Top of DATASET EXCERPT
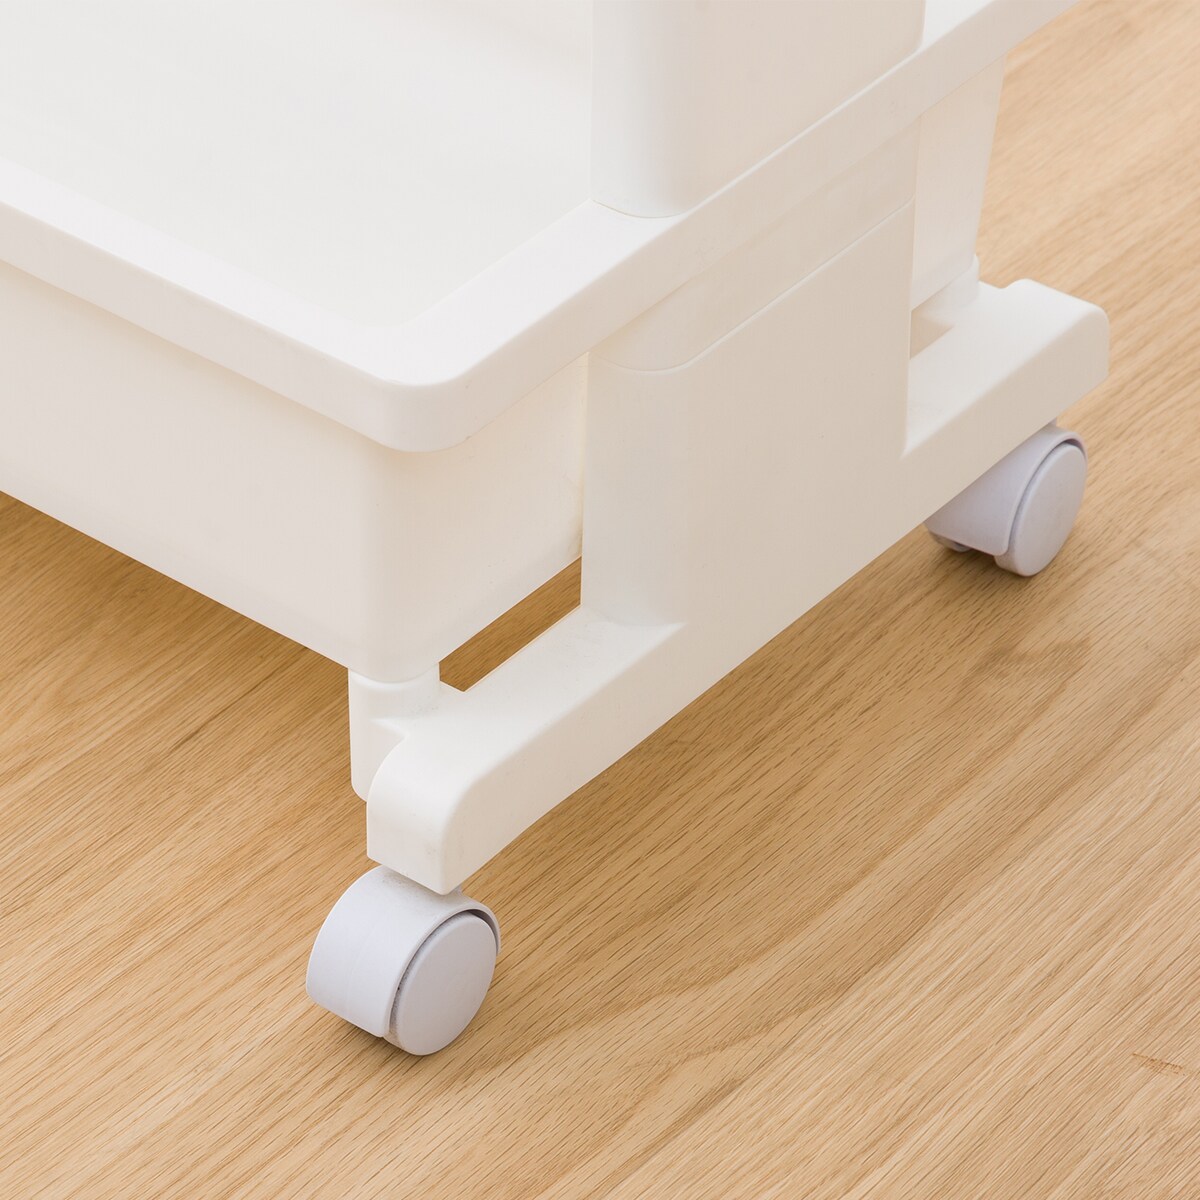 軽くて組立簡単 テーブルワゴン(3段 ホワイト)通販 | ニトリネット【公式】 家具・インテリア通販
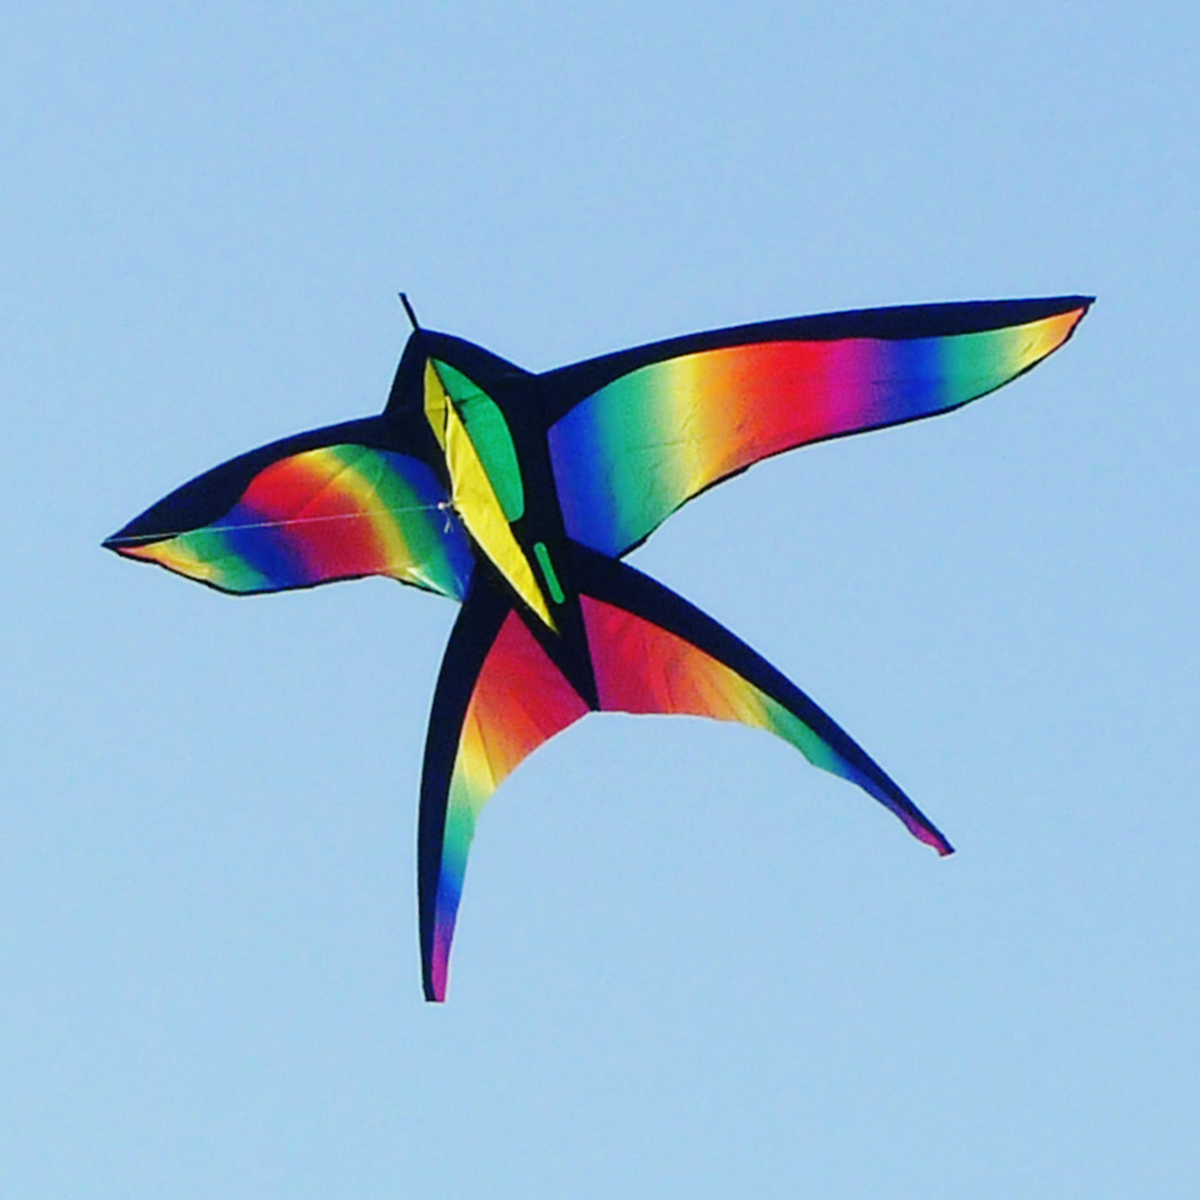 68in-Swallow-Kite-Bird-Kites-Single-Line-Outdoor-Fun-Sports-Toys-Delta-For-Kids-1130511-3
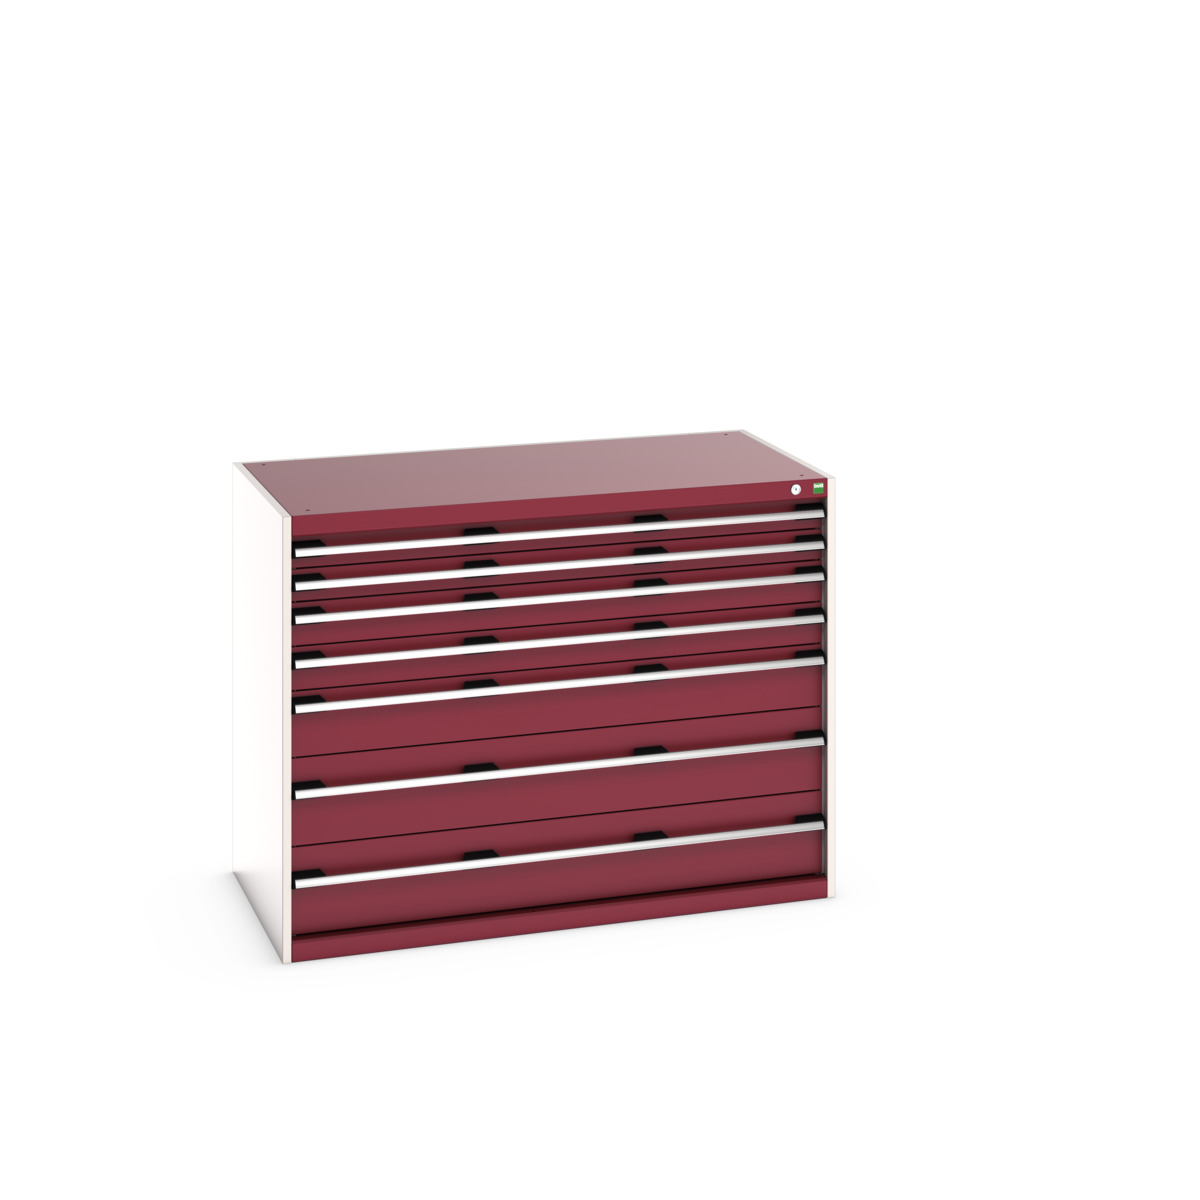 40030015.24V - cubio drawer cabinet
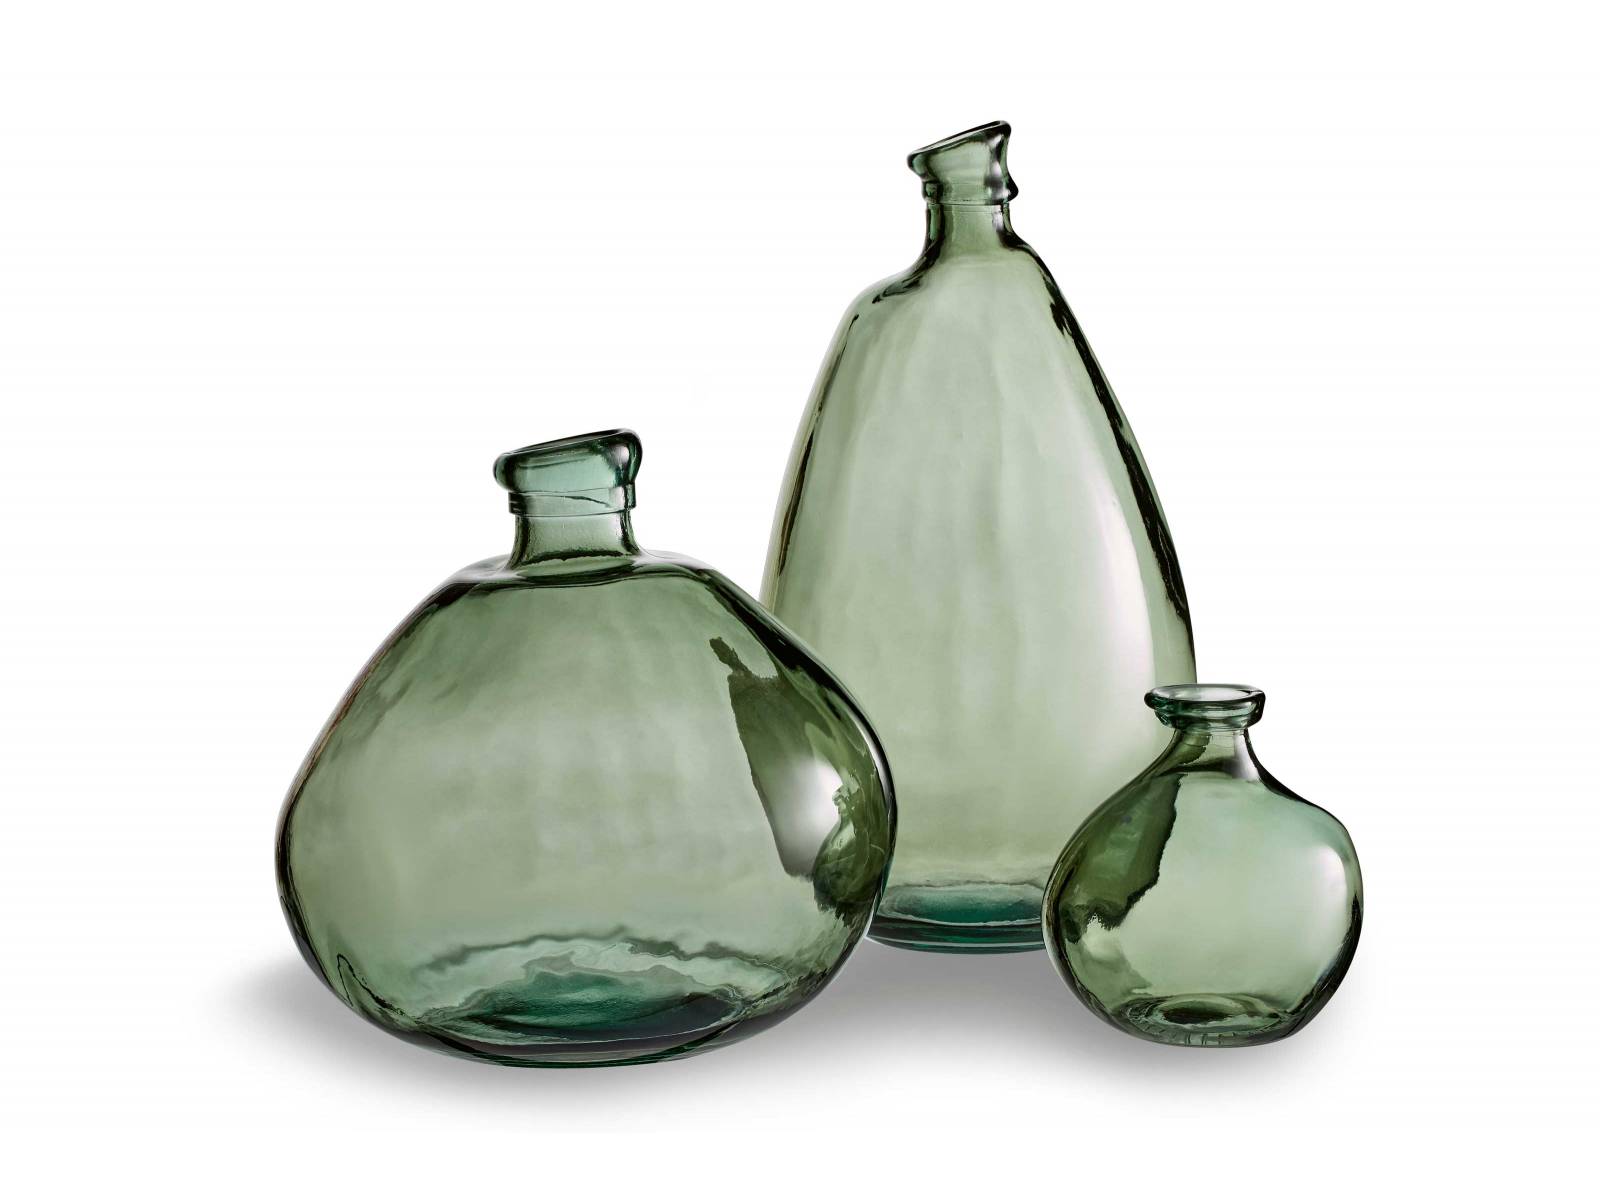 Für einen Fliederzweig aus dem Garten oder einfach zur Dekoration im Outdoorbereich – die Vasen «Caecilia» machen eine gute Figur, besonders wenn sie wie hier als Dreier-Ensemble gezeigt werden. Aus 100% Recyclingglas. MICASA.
Bottom of DATASET EXCERPT
WHAT YOU SHOULD DO:
The required output is each line above restated verbatim, with all images omitted.

OUTPUT OF THE TASK:
 軽くて組立簡単 テーブルワゴン(3段 ホワイト)通販 | ニトリネット【公式】 家具・インテリア通販
 68in-Swallow-Kite-Bird-Kites-Single-Line-Outdoor-Fun-Sports-Toys-Delta-For-Kids-1130511-3
 40030015.24V - cubio drawer cabinet
 Für einen Fliederzweig aus dem Garten oder einfach zur Dekoration im Outdoorbereich – die Vasen «Caecilia» machen eine gute Figur, besonders wenn sie wie hier als Dreier-Ensemble gezeigt werden. Aus 100% Recyclingglas. MICASA.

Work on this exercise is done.